# Understanding Descriptive statistics

Descriptive statistics is about describing and summarizing data, It uses two main approaches:

- Quantitative approach, where the data is numeric.
- Visual approach, where the data is illustrated with plots and histograms.

# Types of measures

- Central tendency
- Variability
- Correlation or joint variability

# Population and samples
The population is a set of all elements or items that you are interested in, the subset of population is called a sample, ideally, the sample should preserve the essencial statistical features of the population to a satisfactory extent.

# Outliers
An outlier is a data point that differs significantly from the majority of the data taken from a sample or population. There are many possible causes of outliers but here are few to start off:

- Natural variation in data
- change in the behavior of the observed system
- errors in data collection


In [2]:
import math
import statistics
import numpy as np
import scipy.stats
import pandas as pd

In [3]:
x = [8.0, 1, 2.5, 4, 28.0]
x_with_nan = [8.0, 1, 2.5, math.nan, 4, 28.0]
x

[8.0, 1, 2.5, 4, 28.0]

In [4]:
y, y_with_nan = np.array(x), np.array(x_with_nan)
z, z_with_nan = pd.Series(x_with_nan), pd.Series(x_with_nan)

z

0     8.0
1     1.0
2     2.5
3     NaN
4     4.0
5    28.0
dtype: float64

# Measures of central tendency
The measures of central tendency show the central or middle values of datasets. The most common measures of central tendency are:

- mean 
- Weighted mean
- Geometric mean
- Harmonic mean
- median
- mode

## Mean
the smaple arithmetic mean or the _average_ is the arithmetic average of all the items in a dataset.
The mean of a dataset $x$ is mathematically equivalent to
$$
\Sigma_{i} \frac{x_{i}}{n}
$$


In [11]:
# We can calculate the mean with the sum() and len() functions
mean_ = sum(x) / len(x)

# Also we can use the build in statistics functions
mean_ = statistics.mean(x)
mean_ = statistics.fmean(x) # fmean is 'faster mean'

# if we had nan values in our data, the mean and fmean functions will not work and just return a nan
mean_ = statistics.fmean(x_with_nan)

# if we need to know the mean of a dataset with nan values, we need the numpy nanmean() function
mean_ = np.nanmean(x_with_nan)
mean_

8.7

## Weighted mean

The weighted mean, also called the weighted arithmetic mean or weighted average is a generalization of the arithmetic mean that enable define the relative contribution of each point to the result.

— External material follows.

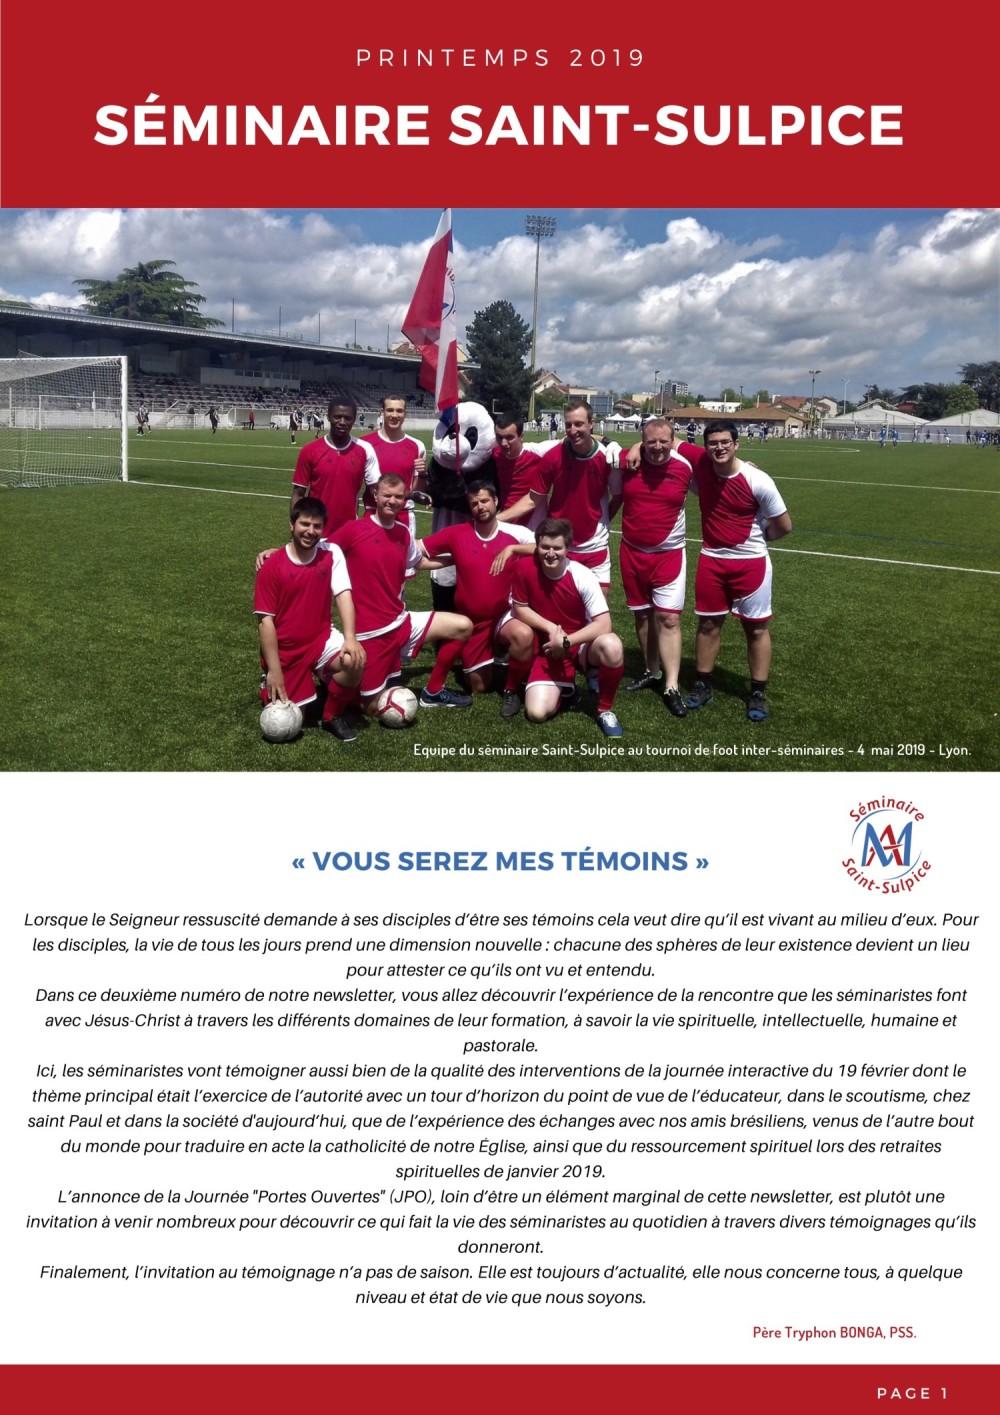 Newsletter Séminaire Saint-Sulpice mai 2019 - p1

We need to define the $weight\; w_{i}$ for each data point $x_{i}$ of the dataset. Mathematically this is equals to:

$$\dfrac{\sum_{i}w_{i}x_{i}}{\sum_{i}w_{i}}$$

The weighted mean is useful when we need the mean of a dataset containing items that occur with relative frequences.

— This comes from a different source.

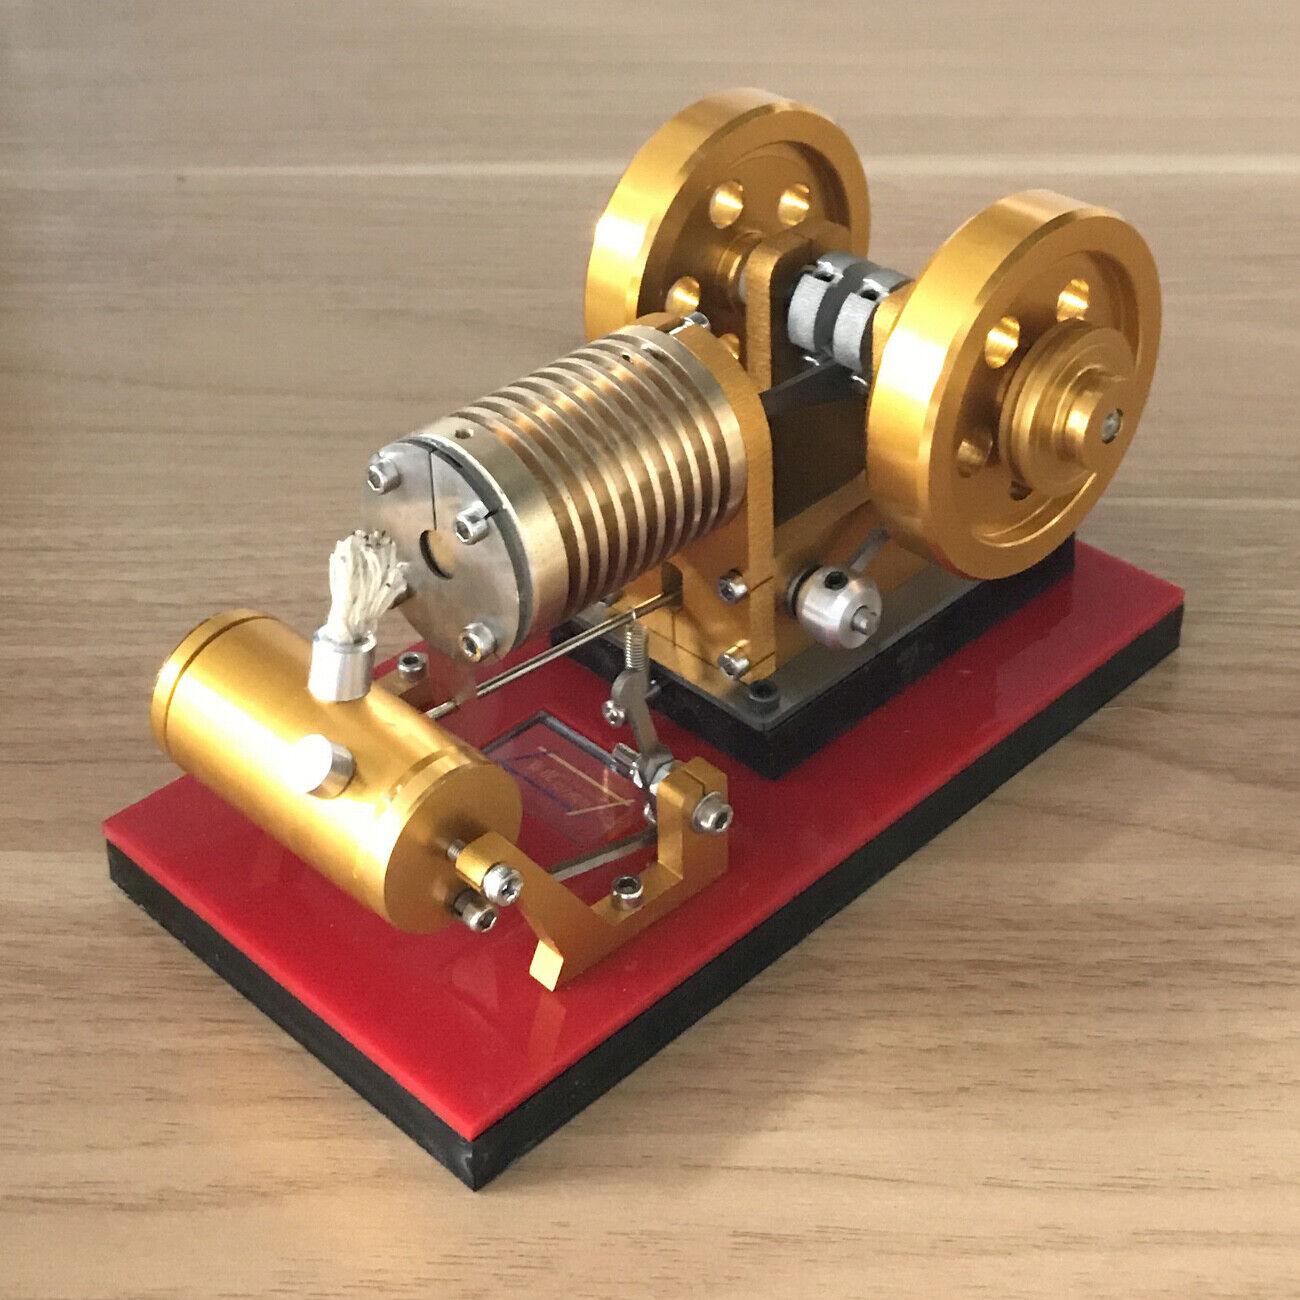 Flame Eater Flame Dancer Flame Gulper Engine Vacuum Engine Motor Tractor Model
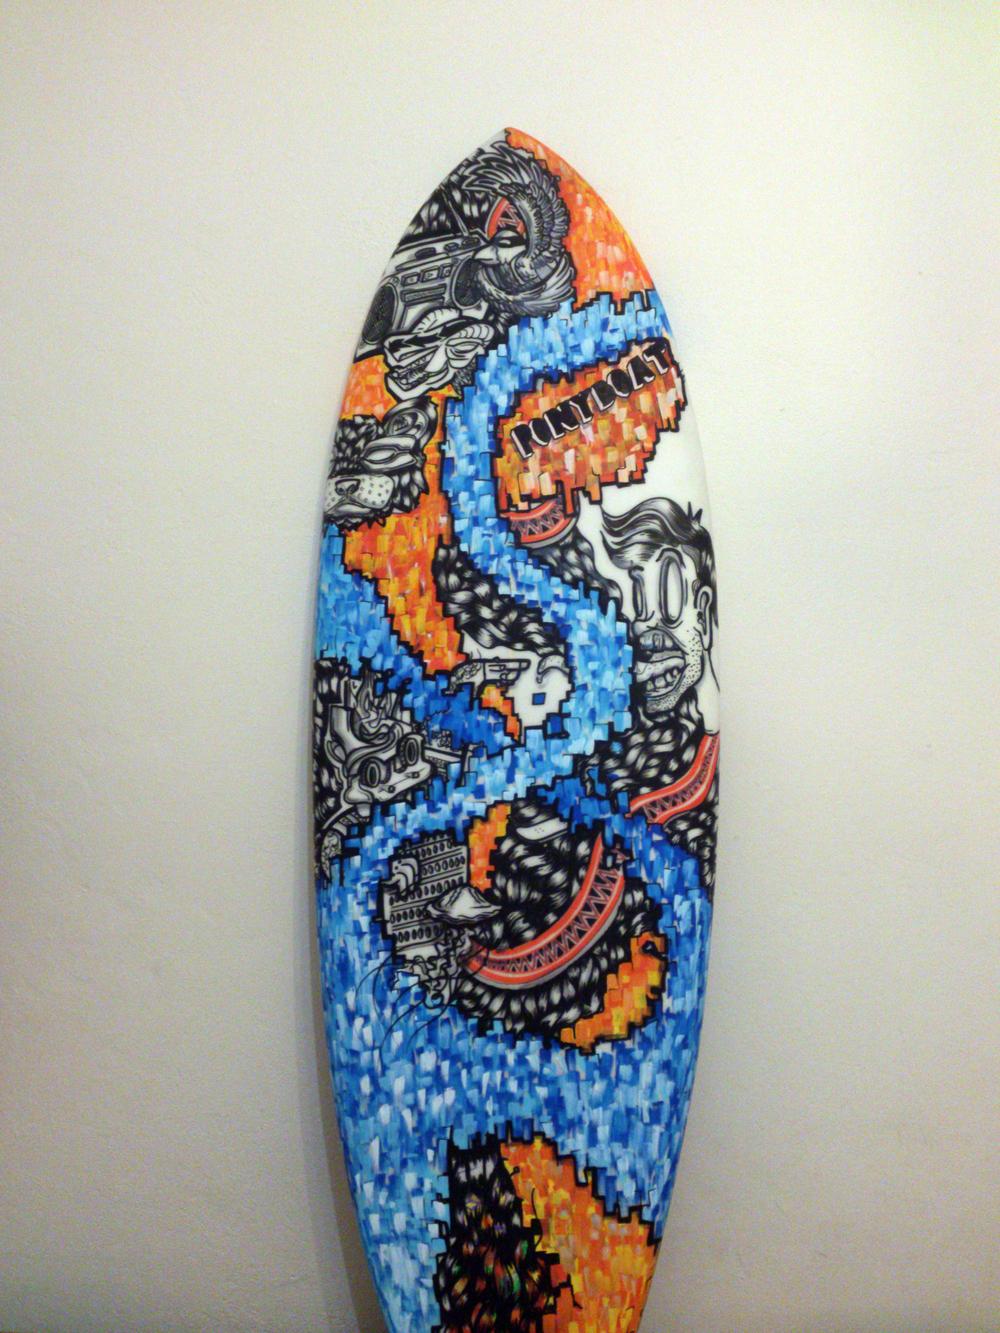 surfboard-surfing-surf-sam-shennan-custom-ud3-handmade-hand-painted-posca-design-sydney-artist-illustrator.jpg

    For example, say that you have a set in which 20% of all items are equal to 2, 50% of the items are equal to 4, and the remaining 30% of the items are equal to 8. You can calculate the mean of such a set like this:

In [1]:
0.2 * 2 + 0.5 * 4 + 0.3 * 8

4.8

In [2]:
x = [8.0, 1, 2.5, 4, 28]
w = [0.1, 0.2, 0.3, 0.25, 0.15]

wmean = sum(w[i] * x[i] for i in range(len(x)))/sum(w)
wmean

6.95

## Harmonic mean
is the reciprocal of the mean of the reciprocals of all items in the dataset:
$$ \frac{n}{\sum_{i=1}^n \frac{1}{x_i}} $$

In [8]:
hmean = len(x) / sum(1/item for item in x)
hmean = statistics.harmonic_mean(x)
hmean

2.7613412228796843

## Geometric mean
is the n-th root of the product of all n elements $x_{i}$ in a dataset
$$x = \sqrt[n]{\prod_{i=1}^{n}x_{i}}$$

In [10]:
gmean = 1
for item in x:
    gmean *= item
    
gmean **= 1 / len(x)
gmean

4.677885674856041

## Median
the _sample median_ is the middle element of a sorted dataset. The dataset can be sorted in increasing or decreasing order.

The difference between the behavior of the mean and median is related to dataset outliers or extremes. The mean is heavily affected by outliers, but the median only depends on outliers either slightly or not at all.

We can compare the mean and median as one way to detect outliers and asymmetry in our data.

In [11]:
n = len(x)

if n % 2:
    median_ = sorted(x)[round(0.5*(n-1))]
else:
    x_ord, index = sorted(x), round(0.5*n)
    median_ = 0.5 * (x_ord[index-1] + x_ord[index])
    
median_

4

Unlike most other functions from the python statistics library, the median(), median_low(), and median_high() dont return nan when there are nan values among the data points.

In [15]:
statistics.median(x_with_nan)
statistics.median_low(x_with_nan)
statistics.median_high(x_with_nan)

8.0

## Mode
the sample mode is the value in the dataset that occurs most frequently

# Measure of variability
The mearsures of central tendency are not the only ones, there are other type of measure called the Measure of Variability, this type of measure describe the spread of the data.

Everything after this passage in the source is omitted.